## [Given information]

*** Begin section ***

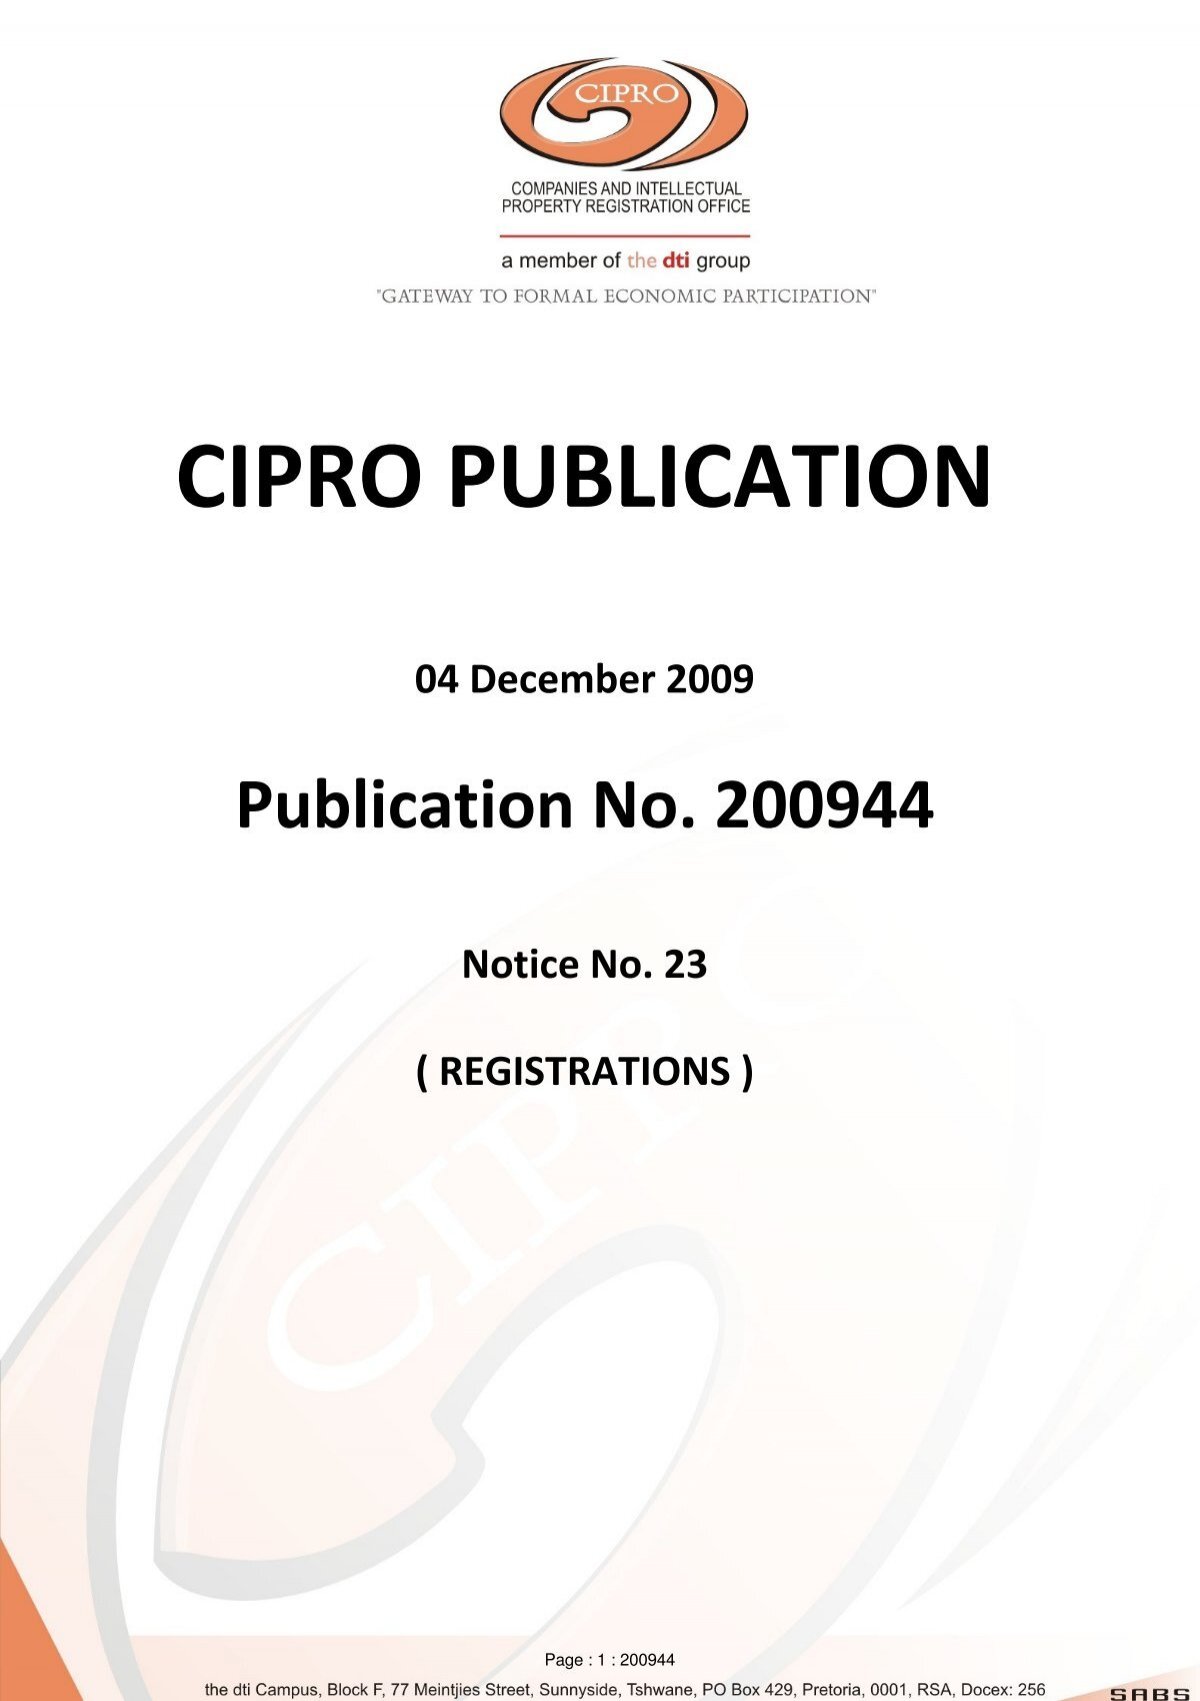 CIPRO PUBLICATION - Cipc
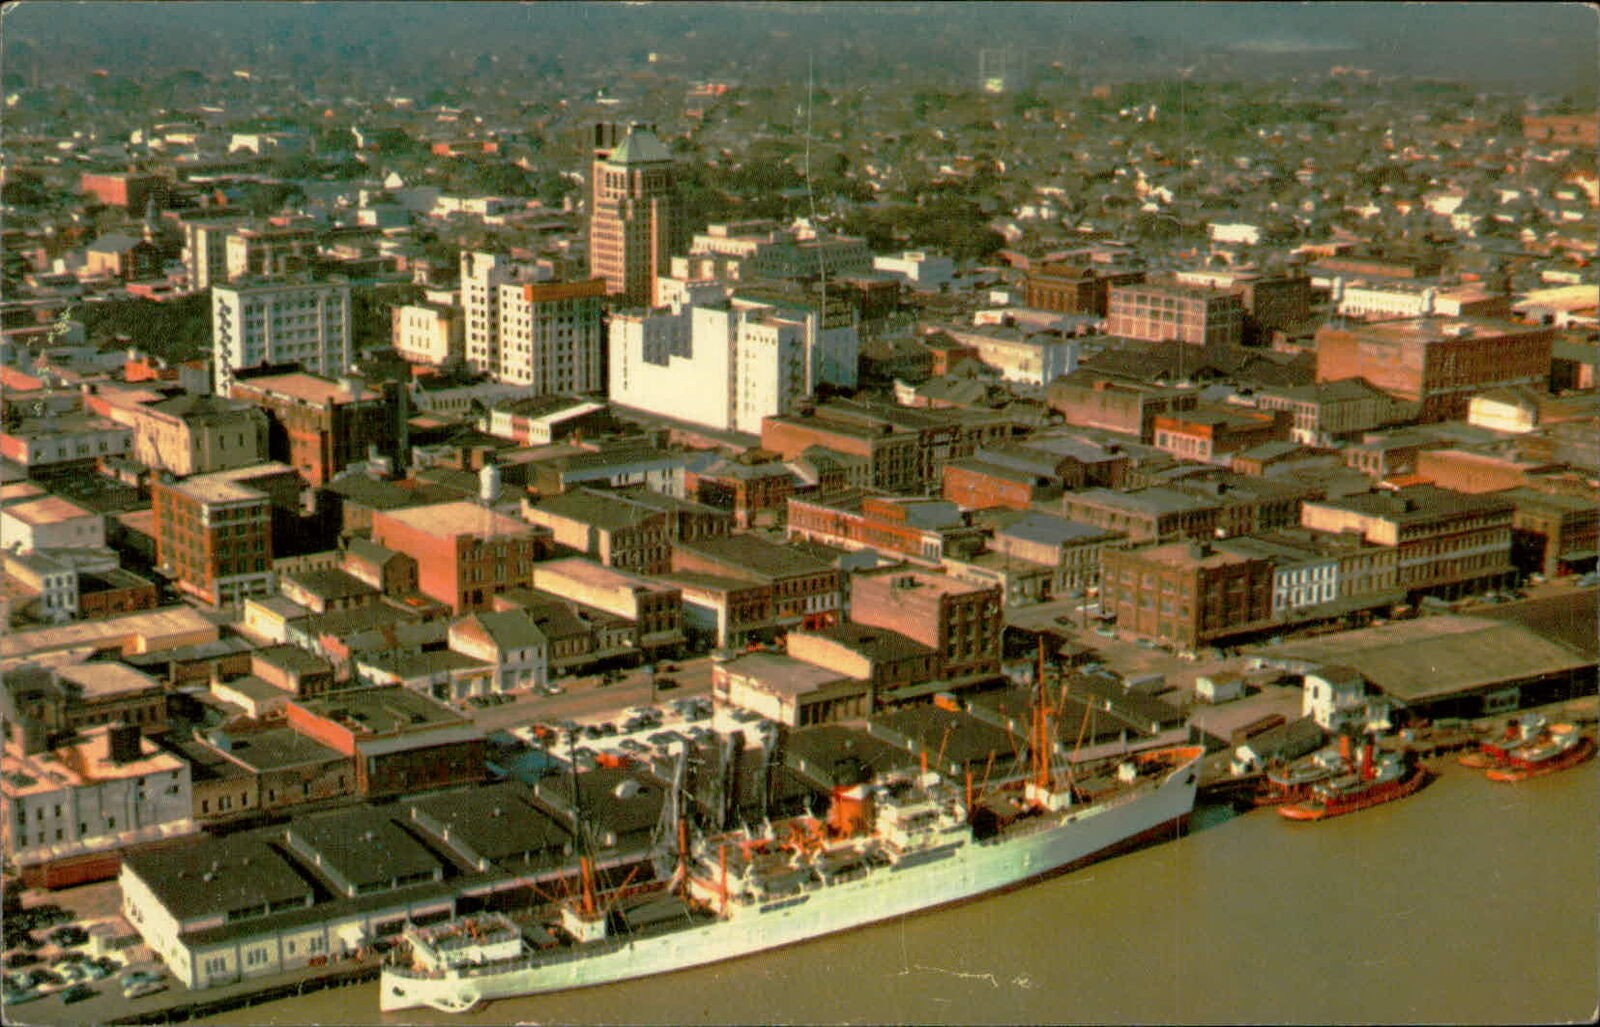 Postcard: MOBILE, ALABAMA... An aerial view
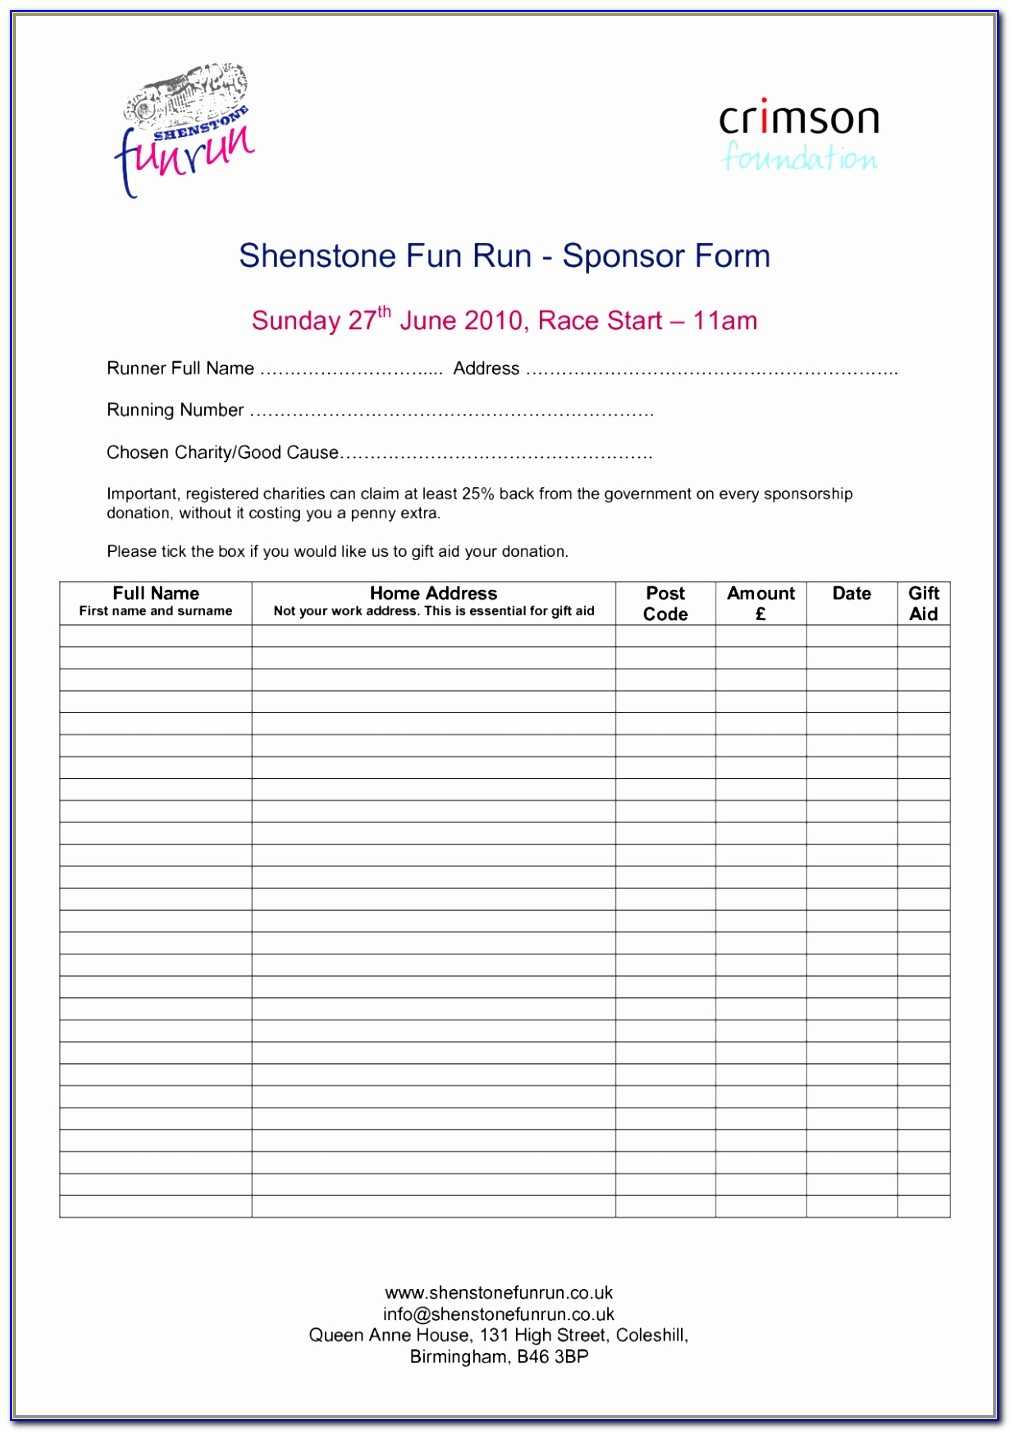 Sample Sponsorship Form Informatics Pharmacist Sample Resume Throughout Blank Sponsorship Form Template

*** End section ***

## [Aim of the exercise]
Repeat nothing but the lines from the one containing "Postcard: MOBILE, ALABAMA... An aerial view" through the last line of the listing, both included, exactly as written, and omit any picture.

## [Solution to this exercise]
 Postcard: MOBILE, ALABAMA... An aerial view
 Sample Sponsorship Form Informatics Pharmacist Sample Resume Throughout Blank Sponsorship Form Template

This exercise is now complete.